Dataset records
================================
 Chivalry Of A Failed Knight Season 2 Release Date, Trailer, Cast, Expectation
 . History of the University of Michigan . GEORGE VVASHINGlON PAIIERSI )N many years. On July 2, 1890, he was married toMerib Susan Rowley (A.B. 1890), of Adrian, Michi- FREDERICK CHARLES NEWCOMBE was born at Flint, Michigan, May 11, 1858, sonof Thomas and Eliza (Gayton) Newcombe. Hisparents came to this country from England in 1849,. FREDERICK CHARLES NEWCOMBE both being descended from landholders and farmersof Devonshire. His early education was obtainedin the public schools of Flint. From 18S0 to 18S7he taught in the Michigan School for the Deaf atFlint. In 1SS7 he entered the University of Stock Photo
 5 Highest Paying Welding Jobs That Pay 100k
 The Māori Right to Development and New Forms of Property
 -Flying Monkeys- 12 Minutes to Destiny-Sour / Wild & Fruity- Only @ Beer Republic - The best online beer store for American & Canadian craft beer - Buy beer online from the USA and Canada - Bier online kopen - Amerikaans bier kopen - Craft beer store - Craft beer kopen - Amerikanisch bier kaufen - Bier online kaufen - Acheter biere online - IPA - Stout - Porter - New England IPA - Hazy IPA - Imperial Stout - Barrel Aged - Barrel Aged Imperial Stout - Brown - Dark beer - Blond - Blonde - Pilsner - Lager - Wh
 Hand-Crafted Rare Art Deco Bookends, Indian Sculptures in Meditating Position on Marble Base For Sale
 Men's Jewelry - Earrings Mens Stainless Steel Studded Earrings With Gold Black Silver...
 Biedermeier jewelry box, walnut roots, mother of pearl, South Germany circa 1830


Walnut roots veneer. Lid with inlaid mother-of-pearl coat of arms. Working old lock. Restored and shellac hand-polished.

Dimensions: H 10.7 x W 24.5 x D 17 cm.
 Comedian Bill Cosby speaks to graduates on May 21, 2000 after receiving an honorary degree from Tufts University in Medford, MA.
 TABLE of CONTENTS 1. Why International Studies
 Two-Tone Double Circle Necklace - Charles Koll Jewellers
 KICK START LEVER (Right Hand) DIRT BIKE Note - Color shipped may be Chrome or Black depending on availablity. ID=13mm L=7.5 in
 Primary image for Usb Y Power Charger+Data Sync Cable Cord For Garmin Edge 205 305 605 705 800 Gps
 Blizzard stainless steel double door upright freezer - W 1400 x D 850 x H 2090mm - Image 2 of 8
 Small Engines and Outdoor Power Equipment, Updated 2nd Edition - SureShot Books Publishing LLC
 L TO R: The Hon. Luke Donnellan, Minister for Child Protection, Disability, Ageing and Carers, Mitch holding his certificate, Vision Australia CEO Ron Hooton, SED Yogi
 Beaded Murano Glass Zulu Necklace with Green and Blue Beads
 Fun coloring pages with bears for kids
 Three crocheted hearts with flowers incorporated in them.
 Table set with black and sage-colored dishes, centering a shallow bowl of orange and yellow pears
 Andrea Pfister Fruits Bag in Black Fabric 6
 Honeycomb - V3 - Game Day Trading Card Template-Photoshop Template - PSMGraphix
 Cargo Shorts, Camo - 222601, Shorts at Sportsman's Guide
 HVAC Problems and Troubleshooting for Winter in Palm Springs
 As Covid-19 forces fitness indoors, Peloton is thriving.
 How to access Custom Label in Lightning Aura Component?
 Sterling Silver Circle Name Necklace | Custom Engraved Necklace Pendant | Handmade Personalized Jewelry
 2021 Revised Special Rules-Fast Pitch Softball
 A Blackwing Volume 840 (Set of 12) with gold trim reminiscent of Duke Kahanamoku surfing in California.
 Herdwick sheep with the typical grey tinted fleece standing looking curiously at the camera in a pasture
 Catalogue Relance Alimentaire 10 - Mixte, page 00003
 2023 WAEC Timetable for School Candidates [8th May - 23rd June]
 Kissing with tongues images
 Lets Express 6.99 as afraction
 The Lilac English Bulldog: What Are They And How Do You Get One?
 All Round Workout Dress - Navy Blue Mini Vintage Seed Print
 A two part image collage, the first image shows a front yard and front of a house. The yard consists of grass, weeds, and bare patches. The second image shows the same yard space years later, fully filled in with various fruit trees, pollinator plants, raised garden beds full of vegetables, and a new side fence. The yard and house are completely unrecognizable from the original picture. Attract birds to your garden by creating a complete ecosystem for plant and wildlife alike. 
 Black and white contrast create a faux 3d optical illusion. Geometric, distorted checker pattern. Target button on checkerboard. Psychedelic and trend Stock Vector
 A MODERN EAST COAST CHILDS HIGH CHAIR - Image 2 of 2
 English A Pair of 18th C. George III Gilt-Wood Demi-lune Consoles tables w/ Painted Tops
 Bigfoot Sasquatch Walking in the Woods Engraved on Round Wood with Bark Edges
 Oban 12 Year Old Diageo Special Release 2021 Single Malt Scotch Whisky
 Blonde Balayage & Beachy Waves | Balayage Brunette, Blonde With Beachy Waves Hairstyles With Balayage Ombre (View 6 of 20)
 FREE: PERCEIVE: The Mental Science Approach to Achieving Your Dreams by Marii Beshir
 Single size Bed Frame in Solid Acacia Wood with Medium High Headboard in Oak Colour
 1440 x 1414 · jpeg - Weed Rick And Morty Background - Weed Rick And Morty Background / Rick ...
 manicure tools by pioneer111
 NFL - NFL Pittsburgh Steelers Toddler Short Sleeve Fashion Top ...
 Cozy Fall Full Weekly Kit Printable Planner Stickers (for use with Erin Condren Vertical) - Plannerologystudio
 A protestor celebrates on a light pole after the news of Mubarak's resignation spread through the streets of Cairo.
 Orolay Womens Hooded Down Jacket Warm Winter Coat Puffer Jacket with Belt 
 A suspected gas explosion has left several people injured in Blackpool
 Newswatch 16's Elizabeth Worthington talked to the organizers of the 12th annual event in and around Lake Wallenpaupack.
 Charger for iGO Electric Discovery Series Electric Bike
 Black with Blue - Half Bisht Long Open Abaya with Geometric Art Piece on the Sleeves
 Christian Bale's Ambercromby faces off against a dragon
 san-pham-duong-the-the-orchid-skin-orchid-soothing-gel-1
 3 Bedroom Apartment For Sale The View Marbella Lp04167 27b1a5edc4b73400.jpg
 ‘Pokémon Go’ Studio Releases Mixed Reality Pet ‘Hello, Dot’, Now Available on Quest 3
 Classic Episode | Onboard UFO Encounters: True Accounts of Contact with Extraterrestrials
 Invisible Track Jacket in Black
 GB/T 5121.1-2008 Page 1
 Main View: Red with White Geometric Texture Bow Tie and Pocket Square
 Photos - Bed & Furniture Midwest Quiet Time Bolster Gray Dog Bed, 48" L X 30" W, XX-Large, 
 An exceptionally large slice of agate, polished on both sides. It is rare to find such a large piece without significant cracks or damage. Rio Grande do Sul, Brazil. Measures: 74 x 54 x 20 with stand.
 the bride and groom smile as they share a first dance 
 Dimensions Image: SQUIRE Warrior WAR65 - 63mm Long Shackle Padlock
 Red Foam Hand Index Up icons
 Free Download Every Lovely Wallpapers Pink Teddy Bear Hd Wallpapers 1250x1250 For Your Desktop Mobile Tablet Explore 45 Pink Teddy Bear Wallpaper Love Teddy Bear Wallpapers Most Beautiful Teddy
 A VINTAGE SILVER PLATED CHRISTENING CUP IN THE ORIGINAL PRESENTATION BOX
================================
ACTIVITY –
From the records above, copy every line that holds the word "School".

ANSWER TO THIS PROBLEM –
 . History of the University of Michigan . GEORGE VVASHINGlON PAIIERSI )N many years. On July 2, 1890, he was married toMerib Susan Rowley (A.B. 1890), of Adrian, Michi- FREDERICK CHARLES NEWCOMBE was born at Flint, Michigan, May 11, 1858, sonof Thomas and Eliza (Gayton) Newcombe. Hisparents came to this country from England in 1849,. FREDERICK CHARLES NEWCOMBE both being descended from landholders and farmersof Devonshire. His early education was obtainedin the public schools of Flint. From 18S0 to 18S7he taught in the Michigan School for the Deaf atFlint. In 1SS7 he entered the University of Stock Photo
 2023 WAEC Timetable for School Candidates [8th May - 23rd June]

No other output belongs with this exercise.